David Farber wrote:
With an interrupter configuration, the detector (T) expects to
see light all the time. When the beam of light is interrupted
(by some paper installed in the shredder), the detector "goes
dark" which starts the motor (magically).

This is why I was confused. If the detector is working properly, then the
voltages seem to be inverted. If there is no paper present in the slot and
the machine is powered up, shouldn't there be IR light entering the detector
and the voltage across it should go low? That is in direct conflict with the
parallel resistor turning on the motor.

Your "parallel resistor" is a *short*. Don;'t think of it
as anything other than that (I suspect the rest of the circuit
is working with k-ohms!).

Step one: get a handle on what the circuit *really* is -- instead
of just poking at it with a stick.
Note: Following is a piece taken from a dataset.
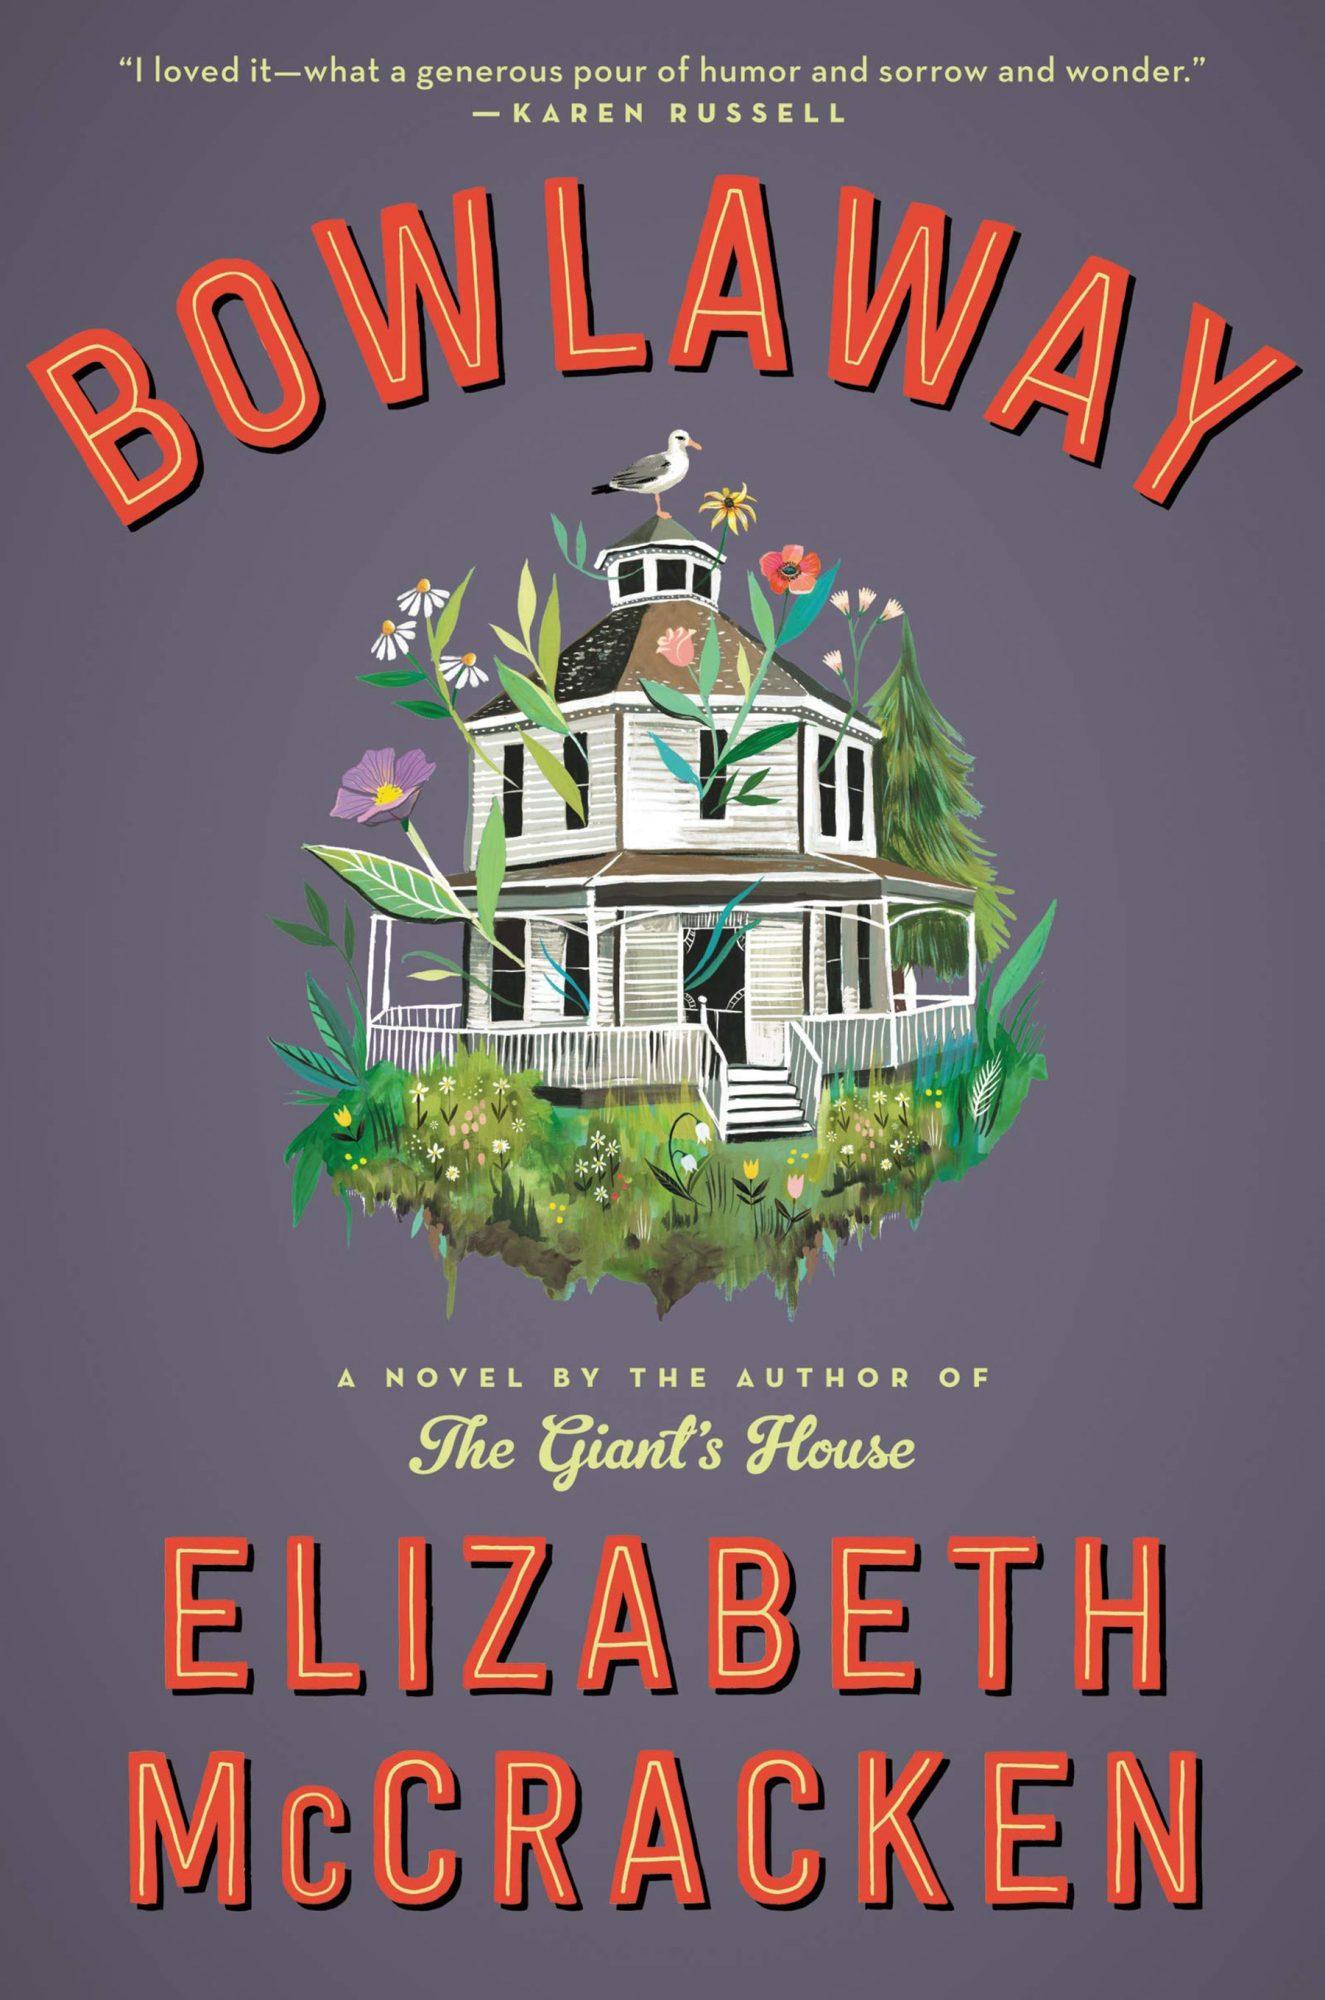 Elizabeth McCracken, BowlawayCredit: Ecco

At the very least, you should
be able (with even a crappy VOM) to determine the voltages at
each node, currents, etc.

Step two: based on observations in step one, hypothesize different
potential circuit configurations assuming you know nothing more
than "it is a two-terminal device".

Step three: think about how your observed "pokes" have altered the
circuit's response. Use that information to refine your model
of what the circuit likely is and why it is likely misbehaving.

You seem to be doing the equivalent of replacing a *fuse* with
a *nail* and hoping to find *smoke*, somewhere... :-/

E.g., if the detector is operating in photovoltaic mode, *shorting*
it will give a result *identical* to "I see darkness".
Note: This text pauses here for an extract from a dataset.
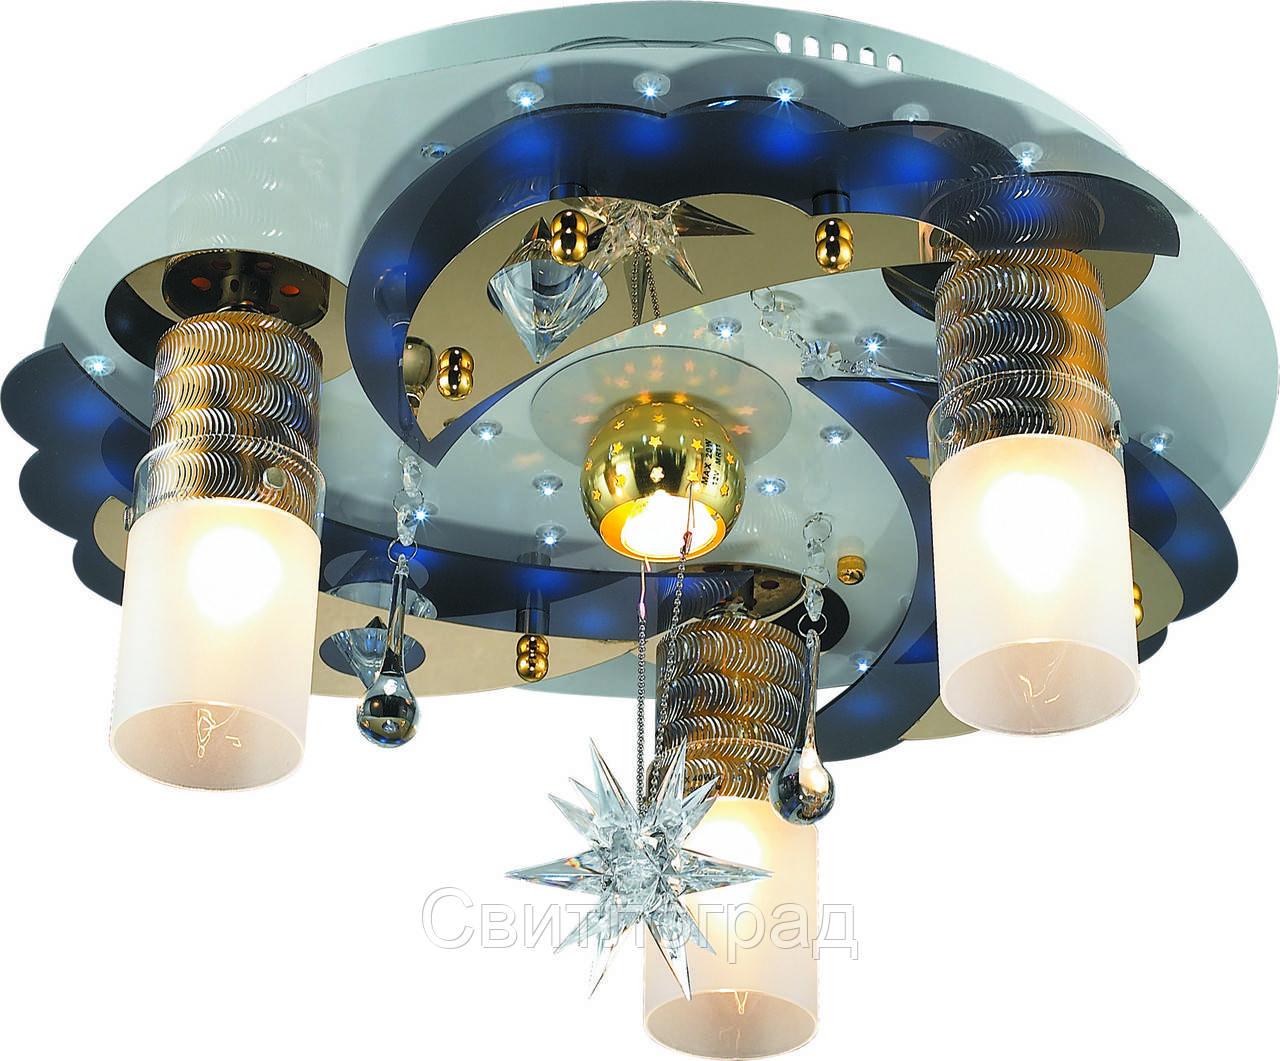 Светильник Потолочный с Led Подсветкой  с Плафонами  Altalusse LV168-04  White & Gold

You could also look at how much current is flowing into
the diode (~20mA is probably a nominal amount -- but can
vary depending on how the thing is configured ... longer
distances require more light output).

The detector and emitter are very close together. I measured the current by
measuring the voltage across two paralleled 1,200 ohm resistors. The high
side was the 5 volt supply and the low side was 1.0 volts. That means
there's 4/600 or 7ma.

No. That means that WHEN YOU WERE MEASURING IT there was 7mA flowing
through the resistor-pair. (your wording suggests that you *added*
the 600 ohm series load -- not that they already existed in the
circuit) E.g., the voltage across the diode won't change (much)
even if you dramatically alter the current flowing through it.

I should also mention that there are two sets of these
emitter/detector combinations. One for the paper slot and one for another
slot which is meant for cd/dvd media. When I disconnected one of the
emitters the voltage went up to 1.1 volts The same thing happened when I
disconnected the other emitter. You would think if there were equal currents
flowing in each emitter that there would a factor of 2 increase in voltage

Diode junction. See above.

with one disconnected. With both emitters disconnected, of course the
voltage went up to the full 5 volt supply.
If you have another "appropriate" LED (you need to know
the approximate wavelength), you could try exciting the
phototransistor (detector) with that.

motor comes on. Does this eliminate one of the two diodes as being
the culprit? I'm thinking if the emitting diode ("D") is bad, no
light is received by the receiving diode and the motor is on all the
time which is not the case. The "T" diode obviously needs a low
logic level to trigger the motor which begins with the absence of
light from the emitter. So it appears I have a contradiction here.
No. The "low" level is achieved by the transistor *conducting*
(in the PRESENCE of light) -- which is what your 10 ohm short
is simulating.

Thanks for your reply.